スマートフォンで撮影したカラー火傷創傷画像を用いた現場での火傷重症度評価
カテゴリ:手術支援
公開日:2026年2月19日
タイトル:On-site burn severity assessment using smartphone-captured color burn wound images
雑誌名:Comput Biol Med. 2024 Nov; 182: 109171.
概 要:
火傷の重症度を正確に評価することは、火傷治療において重要です。現在、臨床医は主に視覚的検査に依存しており、観察者間での評価にばらつきが見られます。本研究では、カラー火傷創傷画像を用いた自動火傷重症度評価のための革新的な分析プラットフォームを提案します。新しい共同タスク深層学習モデルを用いて、火傷領域と体の部位を同時にセグメンテーションし、全身表面積の割合(%TBSA)を計算します。

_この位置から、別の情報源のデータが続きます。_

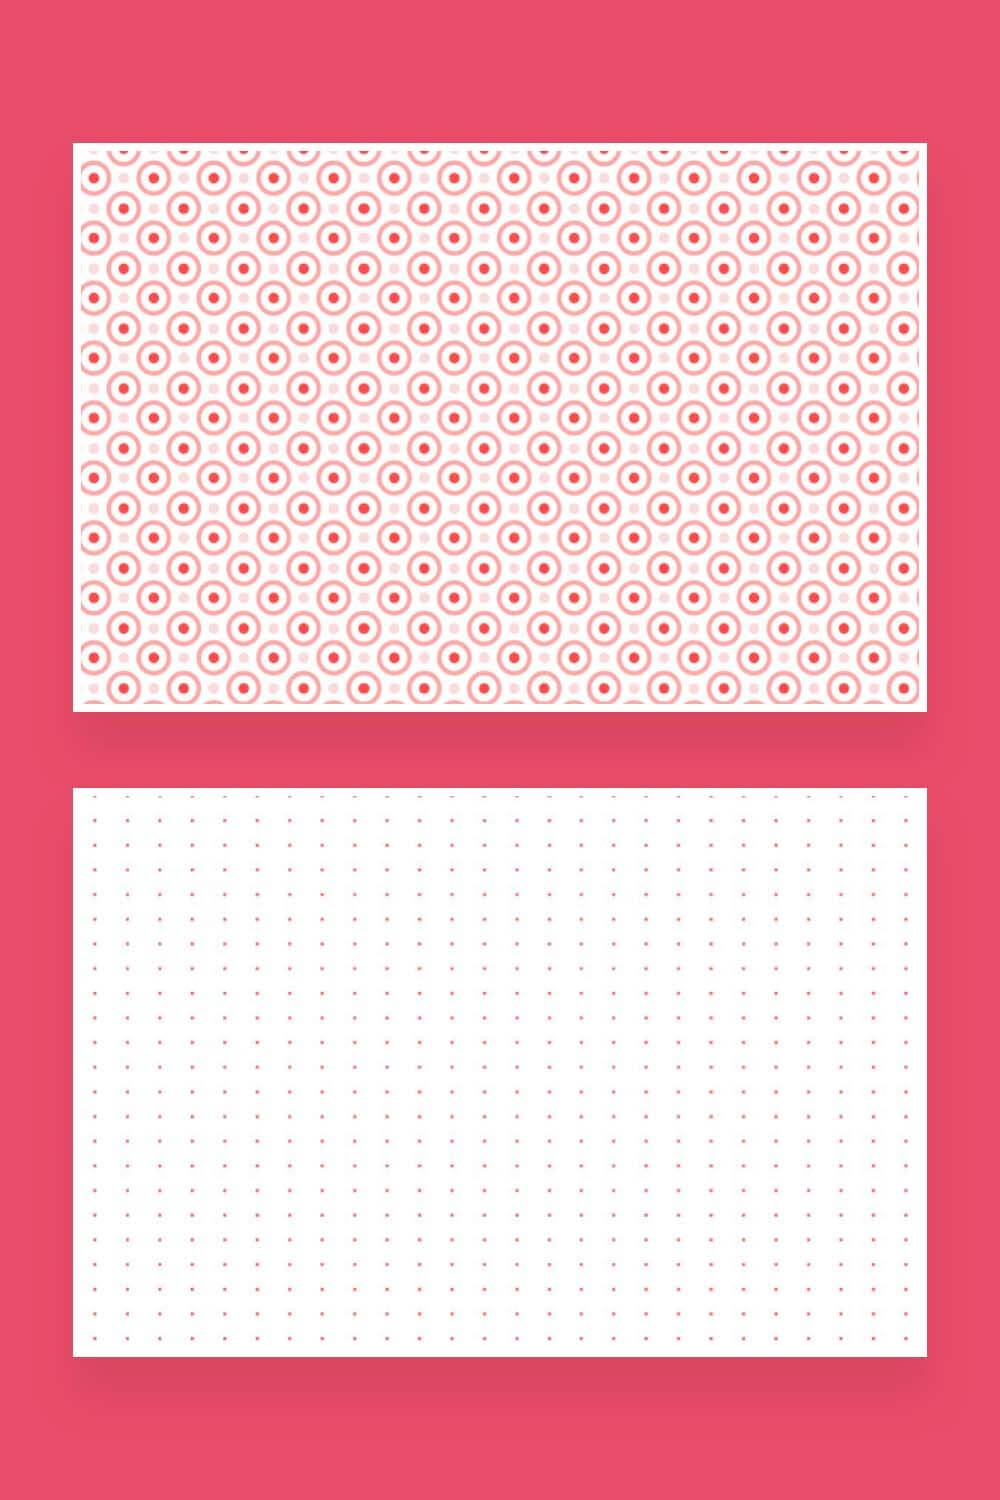 Two pink dotted seamless patterns of dots inside pale circles and small dots.

非対称注意メカニズムを導入し、体の部位セグメンテーションから火傷領域セグメンテーションへの注意を誘導します。臨床現場での迅速な評価を支援するユーザーフレンドリーなモバイルアプリケーションも開発しました。
方 法:
本研究は、臨床現場で撮影された1340枚のカラー火傷創傷画像を用いたデータセットで評価されました。提案された共同タスクフレームワークは、火傷深度セグメンテーションと体の部位セグメンテーションの平均Dice係数がそれぞれ85.12%と85.36%であり、%TBSA評価のR²は0.9136でした。
結 果:
提案されたプラットフォームは、臨床現場での迅速かつ正確な火傷評価を促進する可能性を持っています。共同タスクフレームワークとアプリケーションのソースコードはGithubで公開されています。
結 論:
このプラットフォームは、臨床現場での火傷重症度評価に広く利用される可能性があり、火傷治療の質を向上させることが期待されます。